What the task asks -> Where the lines below hold images, skip those and copy every word exactly.

━━━━━ Collected material

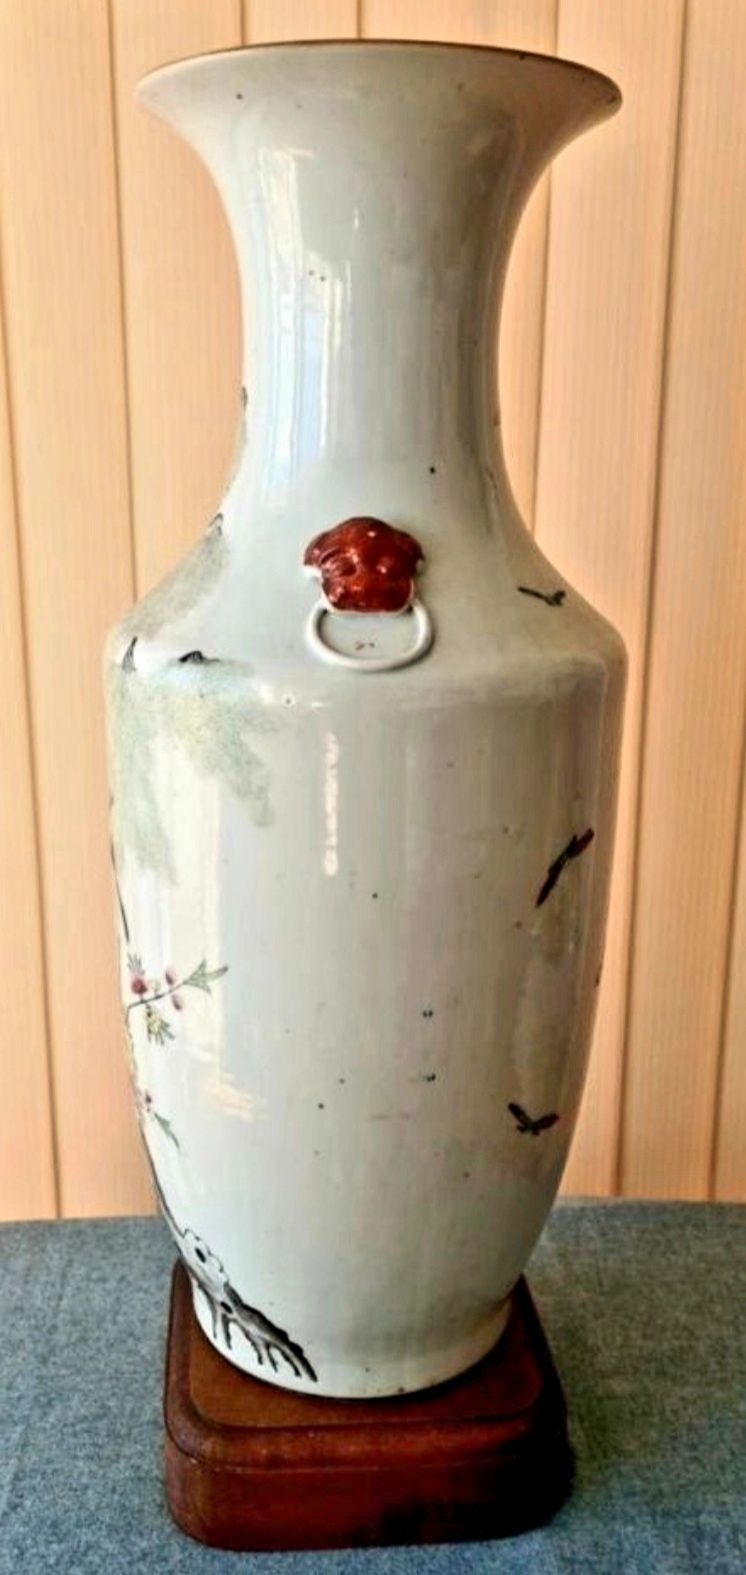 Порцеланов китайска ваза от 19-ти век украсена с птици.
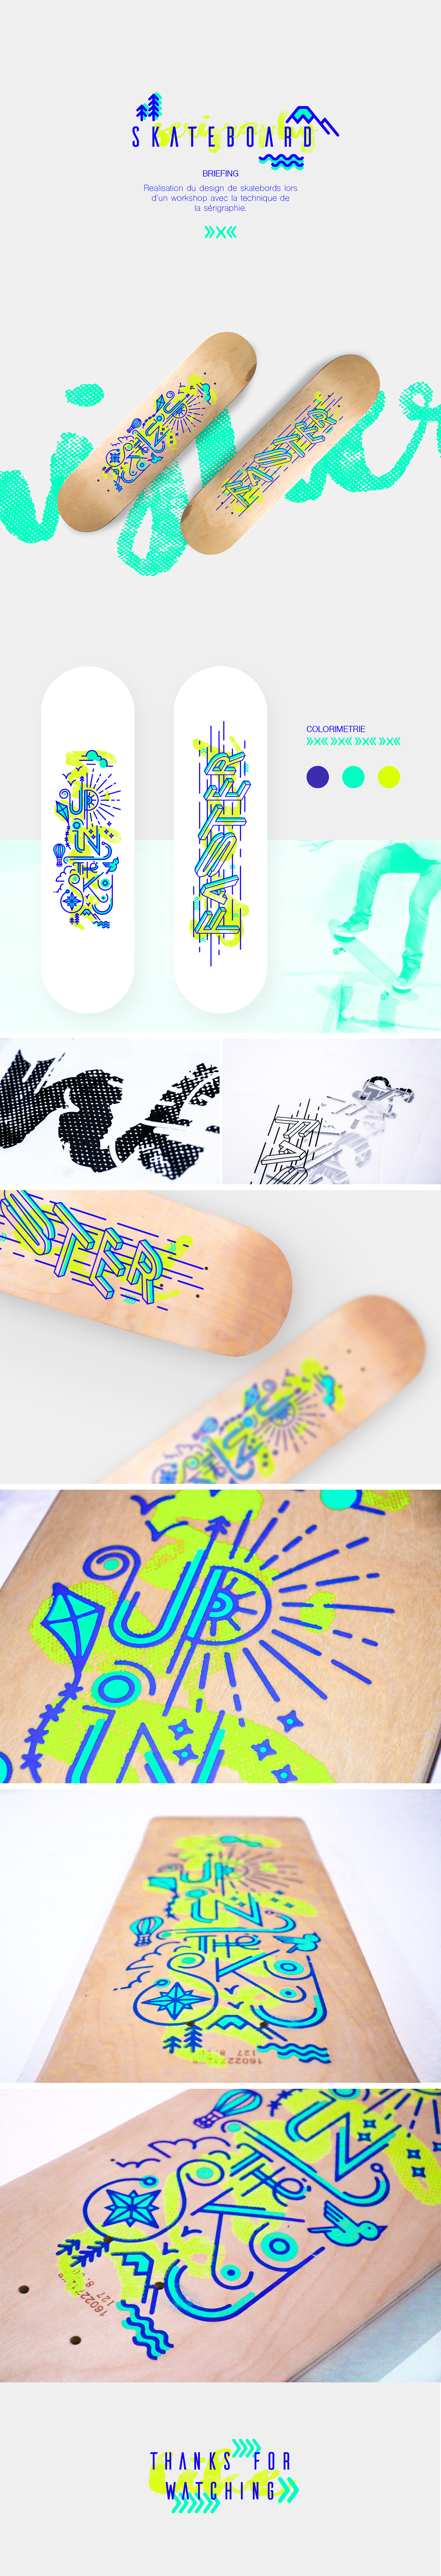 skateboard Workshop Serigraphy up SKY faster colors print saturation
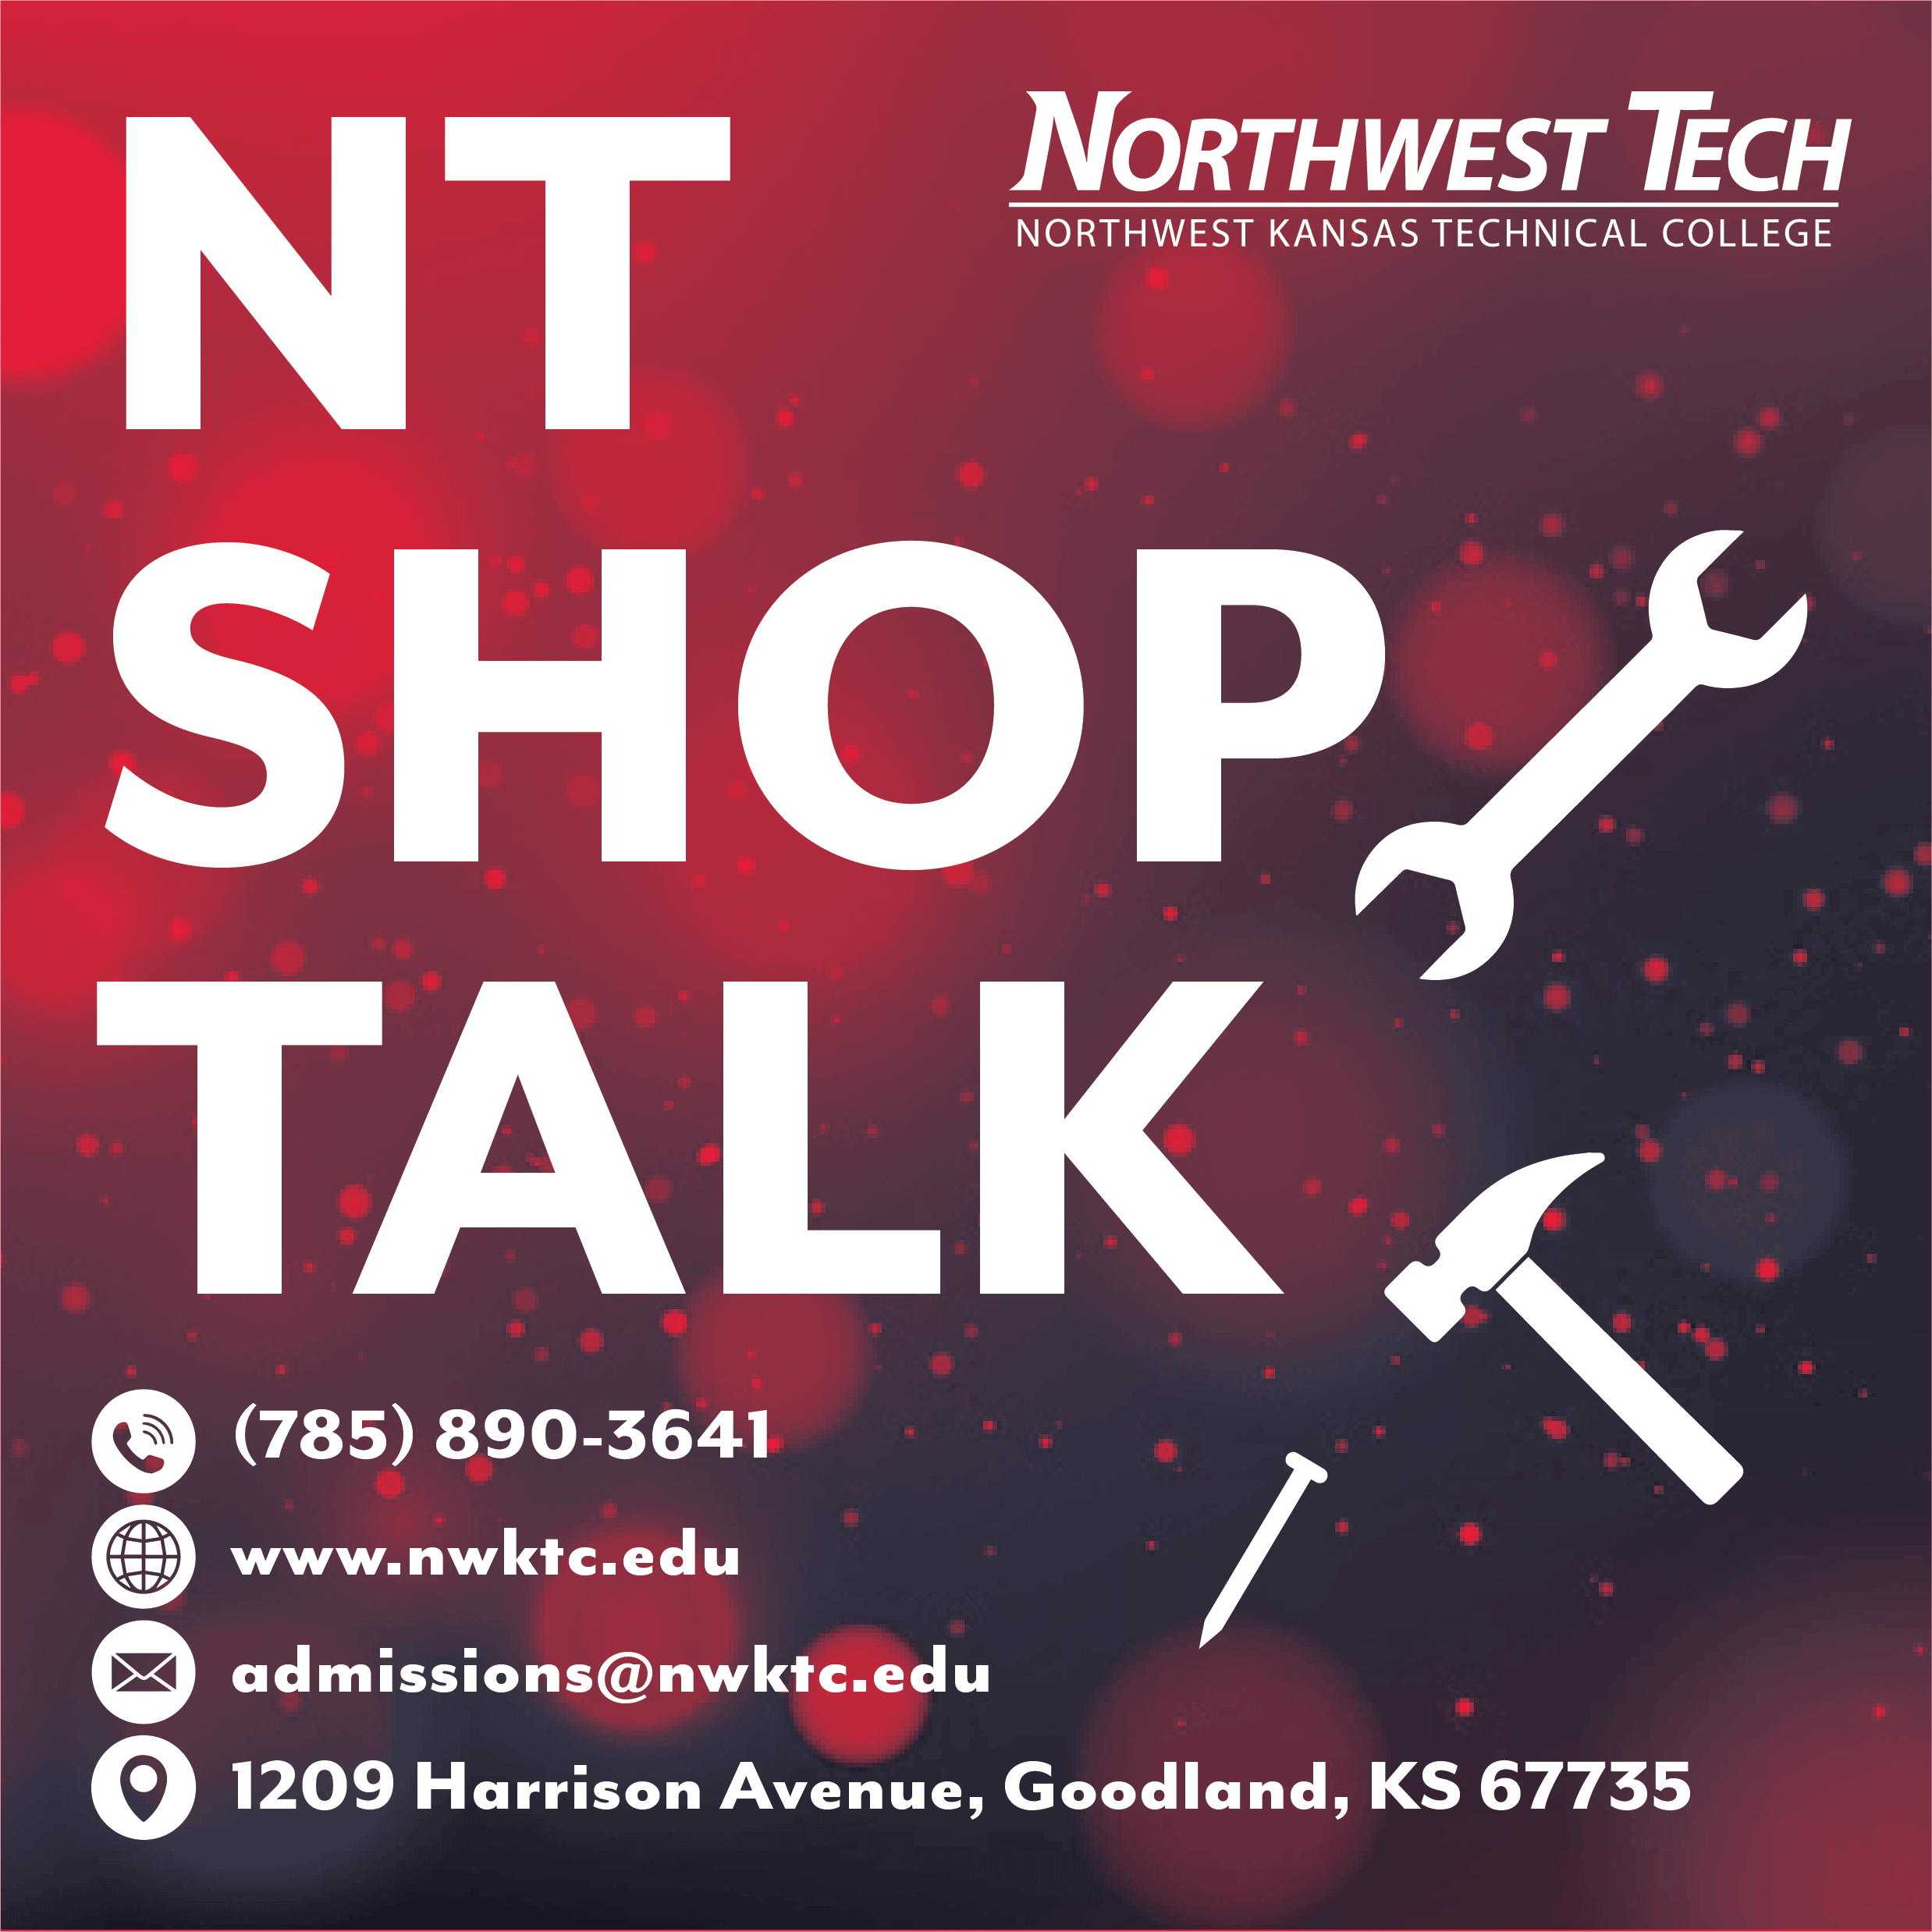 NT Shop Talk

━━━━━━━━━━

Response area ->
 Порцеланов китайска ваза от 19-ти век украсена с птици.
 skateboard Workshop Serigraphy up SKY faster colors print saturation
 NT Shop Talk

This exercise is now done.